They confronted the Nazis with the only weapon they had: their voice.
他们用他们唯一的武器—歌喉—与纳粹对抗。
Song of Defiance
反抗之歌
by Fergus M. Bordewich
弗格斯·博德威奇
When you walk the cobbled mist-shrouded streets of Terezin in the Czech Republic, your mind fills with images of the village sixty years ago, when it was a Nazi concentration camp packed with desperate and dying Jews. But Terezin was not only a place of suffering. It was also a scene of triumph
当你行走在捷克共和国特雷津的雾气笼罩的铺着石子的街道上的时候,心里便会充满着这座村子的六十年前的景象,当时那里是一座塞满了绝望的奄奄一息的犹太人的纳粹集中营。然而,特雷津并非仅仅是个遭受苦难的地方,它还是个赢得胜利的场所。

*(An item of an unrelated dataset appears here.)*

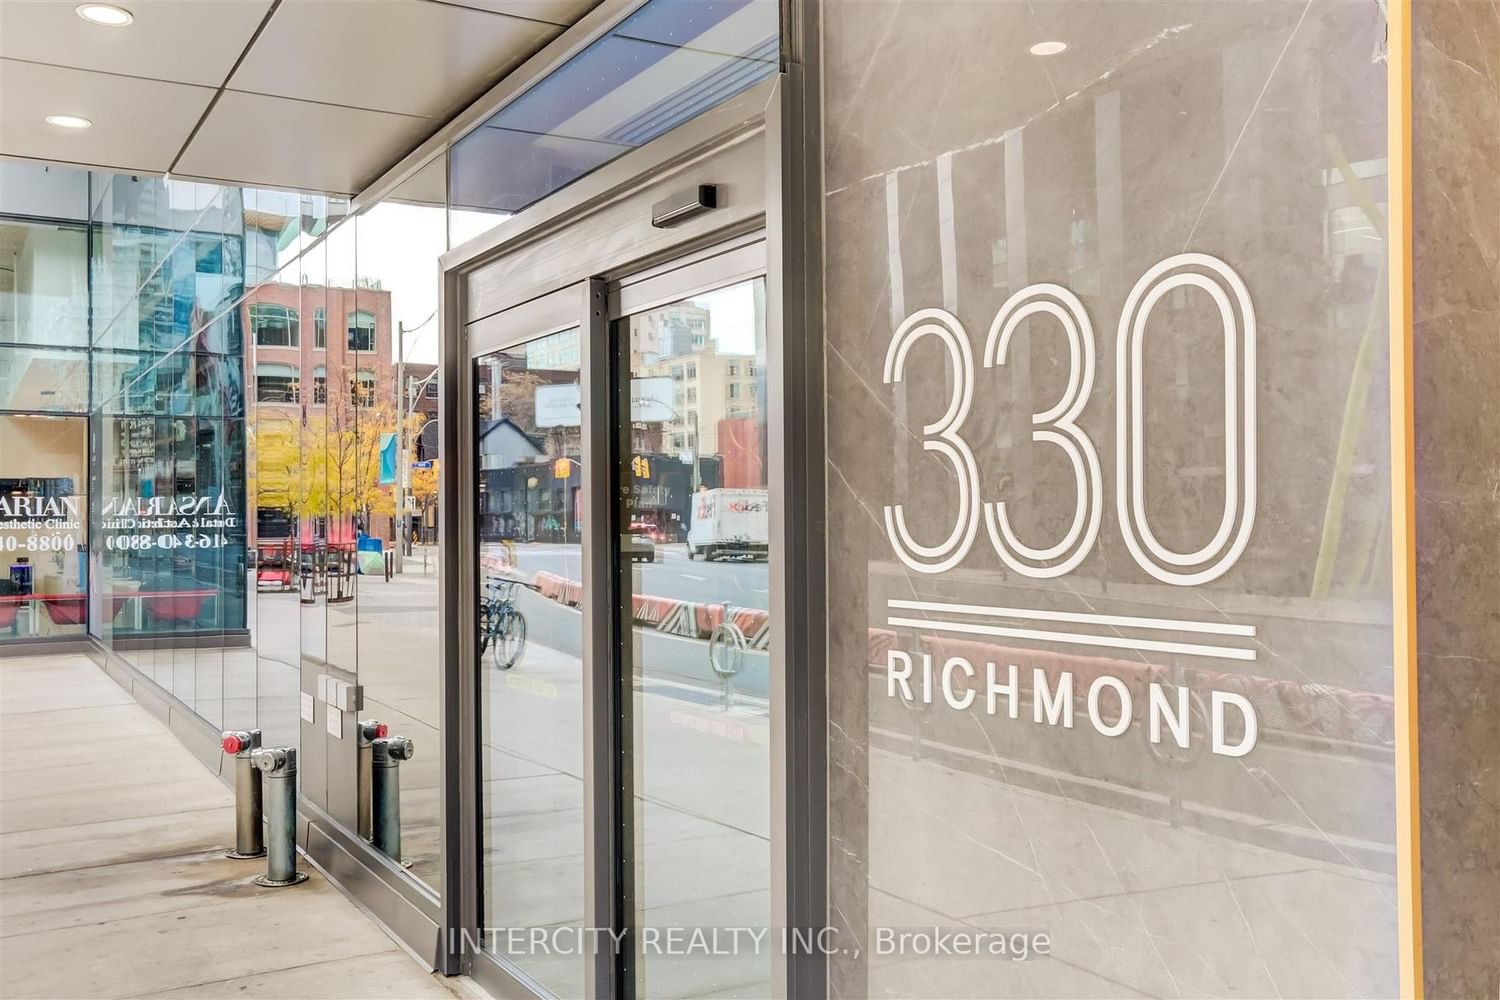 330 Richmond St, unit 1603 for sale - image #3

Terezin had been a perverse kind of showcase. In contrast to Auschwitz, Treblinka and other extermination camps, the Nazis designed the town near Prague to fool the world. For much ofWorld War II, Nazi propaganda suggested that Jews there enjoyed a life of leisure, even using captive Jewish filmmakers to craft a movie showing “happy” Jews listening to lectures and basking in the sun. The reality was horribly different. As many as 58,000 Jews were stuffed into a town that had originally held 7,000. Medical supplies were almost nonexistent, beds were infested with vermin and toilets overflowed. Of the 150,000 prisoners who passed through Terezin, 35,000 died there, mostly from disease and hunger.
特雷津曾经是处有点反常的展示橱窗。与奥斯威辛、特雷布林卡等灭绝人的集中营不同,纳粹将这座位于布拉格附近的村镇刻意打扮以欺骗世人。第二次世界大战期间的许多时间里,纳粹的宣传机器宣传犹太人在那里过着悠闲的生活,他们甚至利用被抓捕的犹太制片人杜撰情节拍摄了一部电影,展示“愉快的”犹太人在听讲座和在晒太阳。而现实却是迥然不同。这座原本只能容纳7千人的小镇如今却挤着5万8千个犹太人。几乎没有什么医疗设施,床上到处爬满虱子等害虫,厕所里污水外溢。曾在特雷津待过的15万人中,3万5千人死在那里,多数死于疾病和饥饿。